**Recorded data**

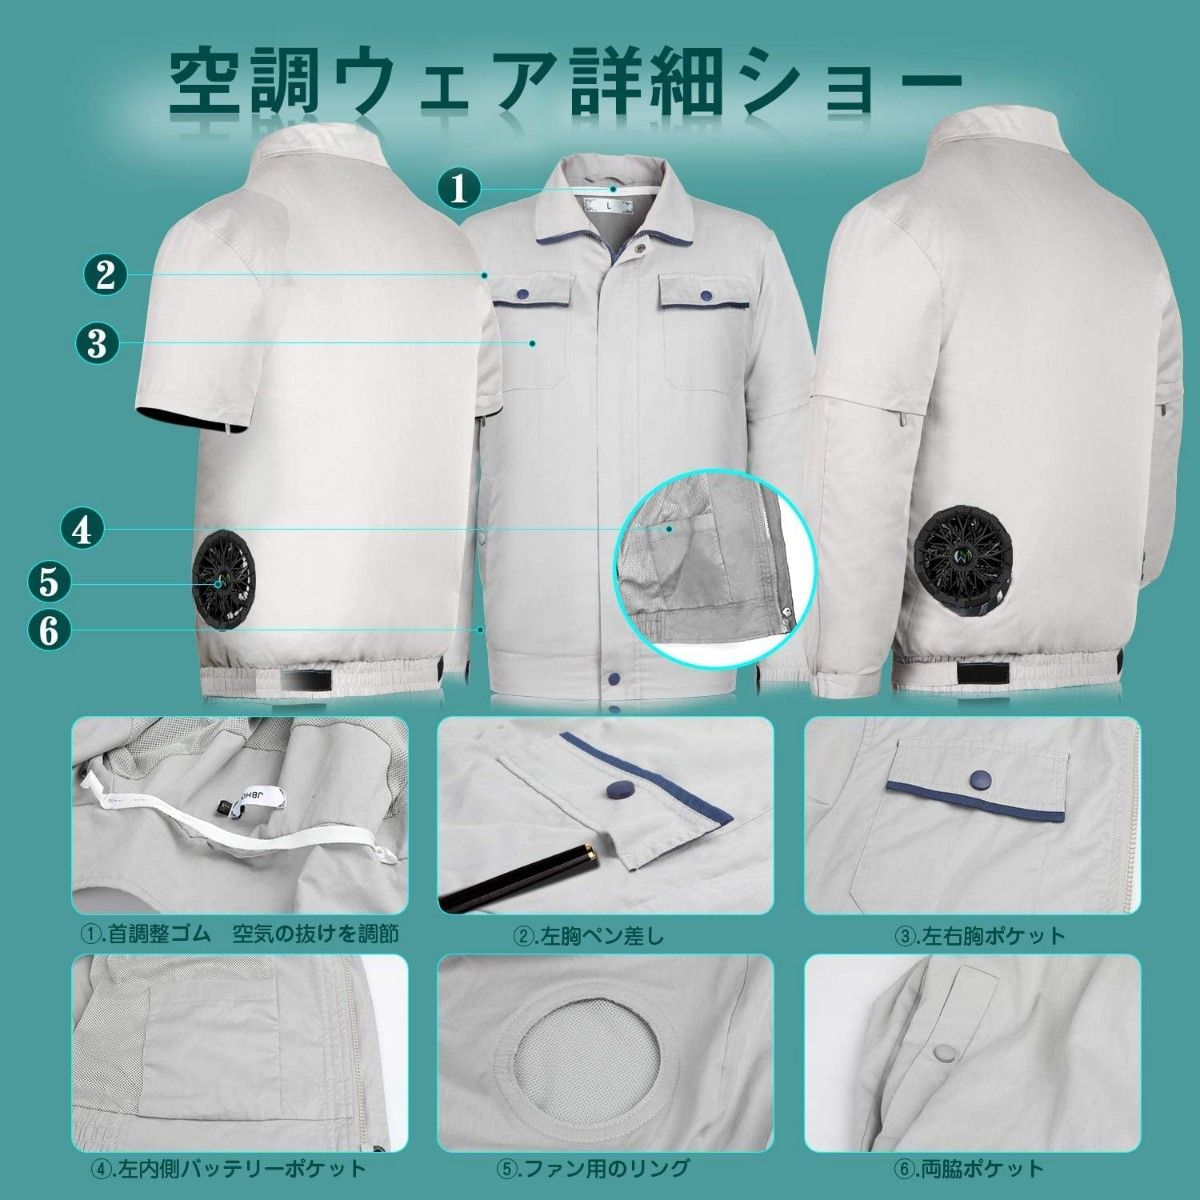 新品未使用 空調服 長袖半袖兼用 2XLサイズ ダークグレー色 作業 ファン付き UVカット 熱中症対策 高強度 釣り アウトドア
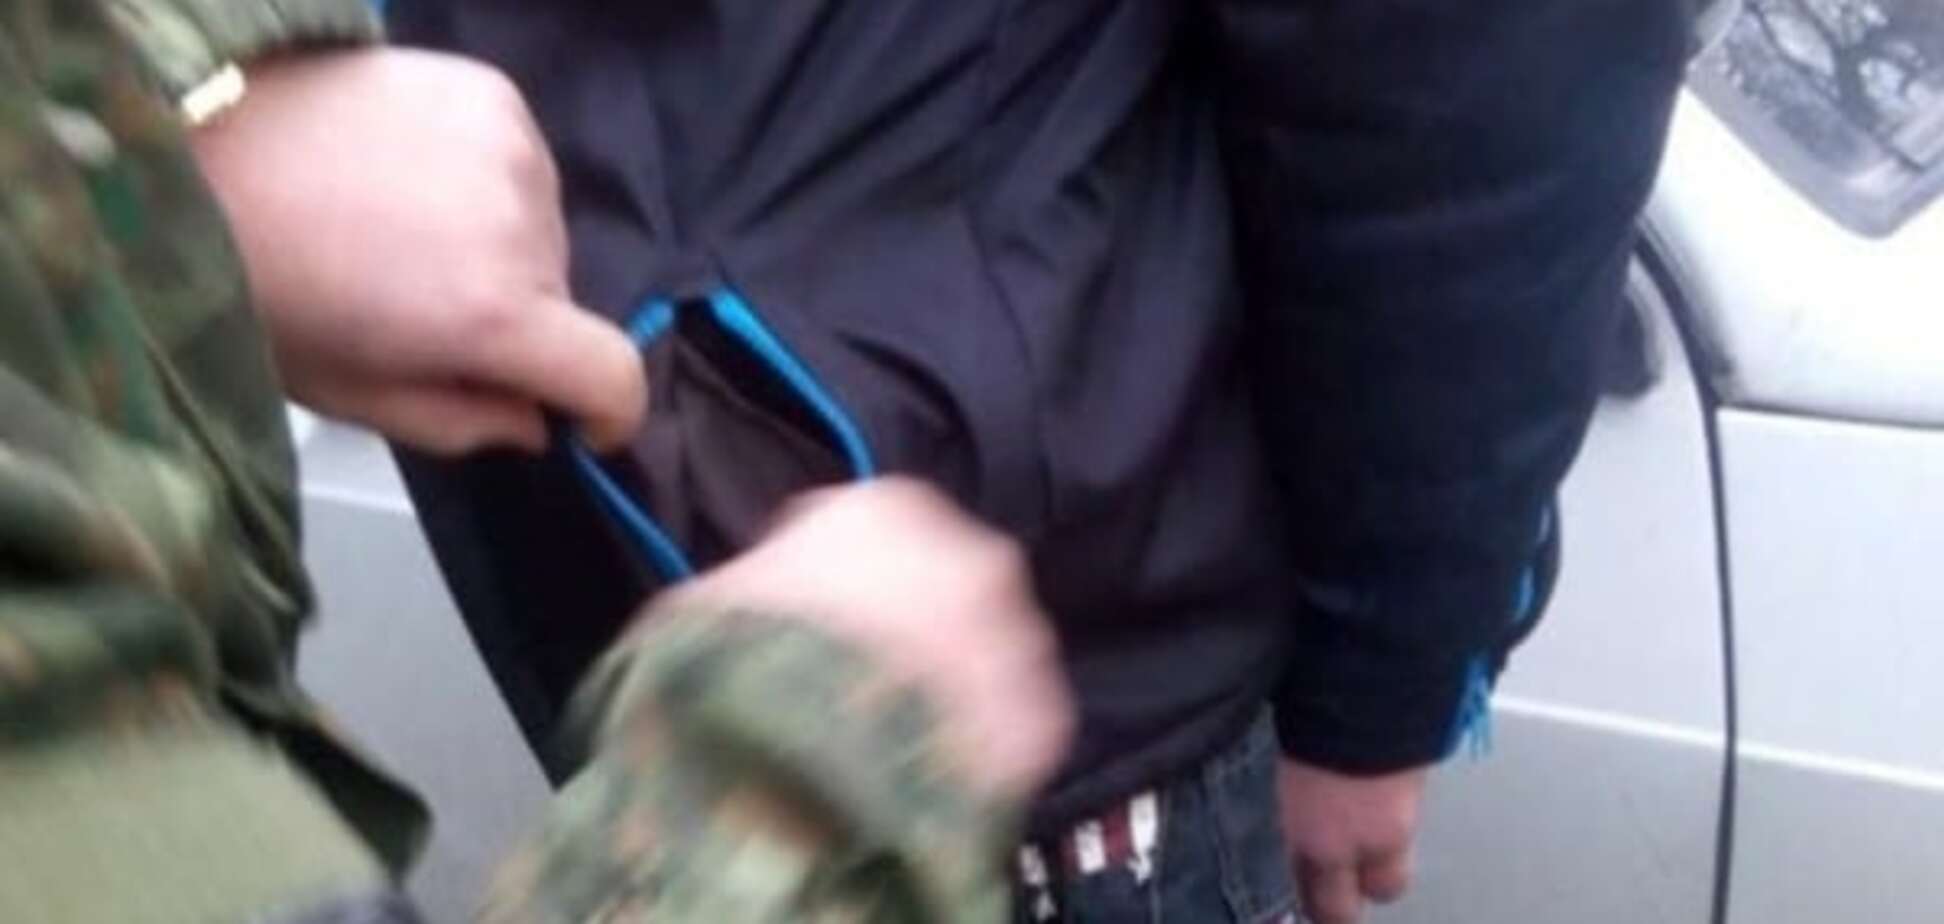 Граната в кишені: в Маріуполі поліція затримала небезпечного підлітка. Фотофакт
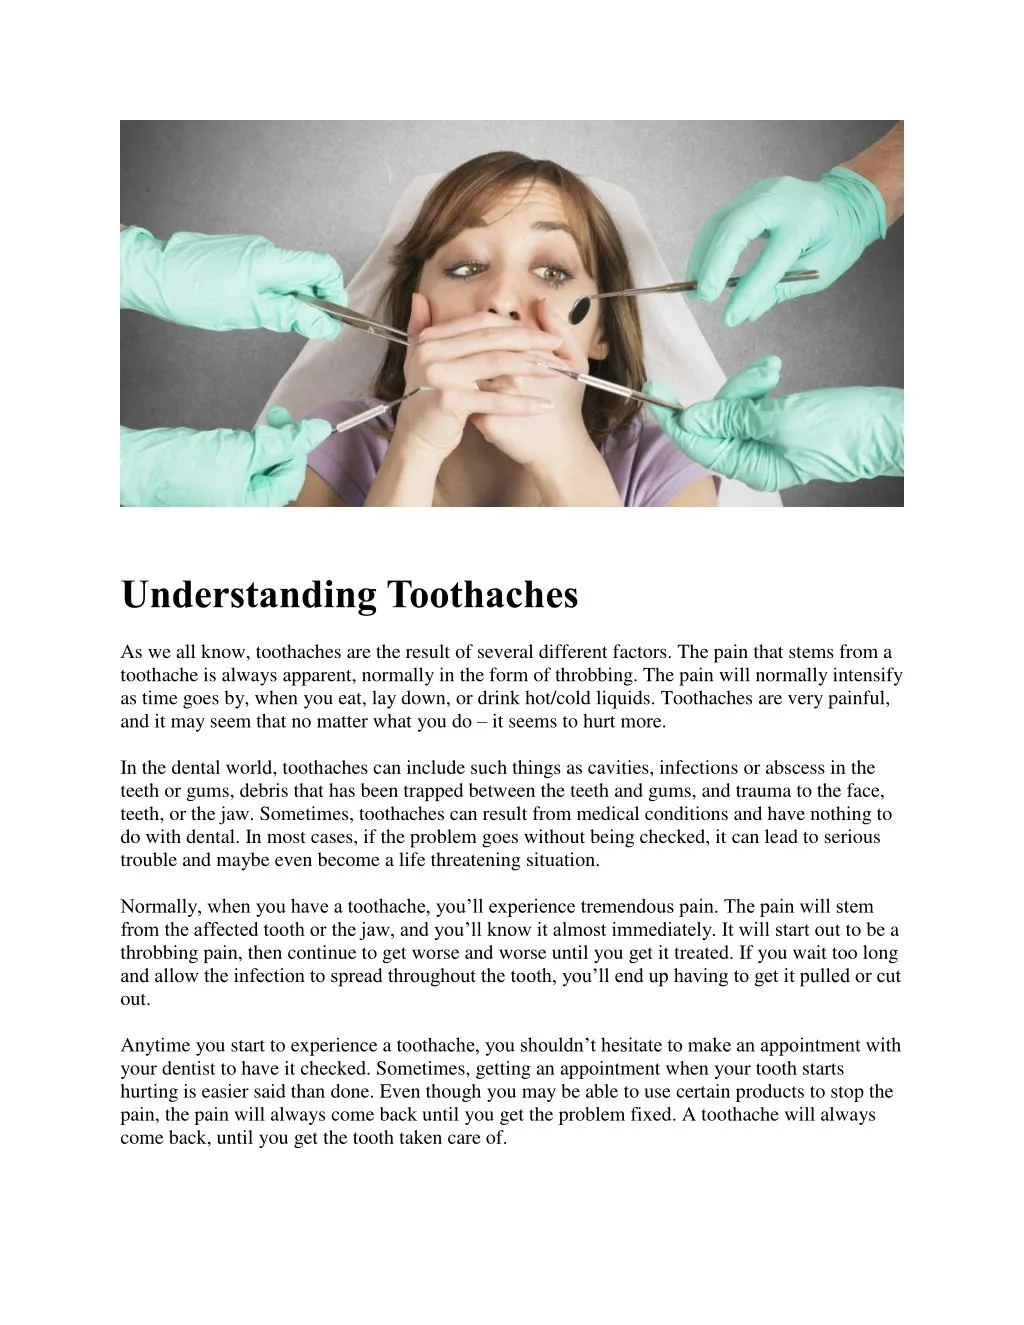 understanding toothaches

**Exercise instructions**
What is needed is an exact copy of the lines from the line with "Граната в кишені: в" to the end of the data above, both included, without any pictures.

**The answer**
 Граната в кишені: в Маріуполі поліція затримала небезпечного підлітка. Фотофакт
 understanding toothaches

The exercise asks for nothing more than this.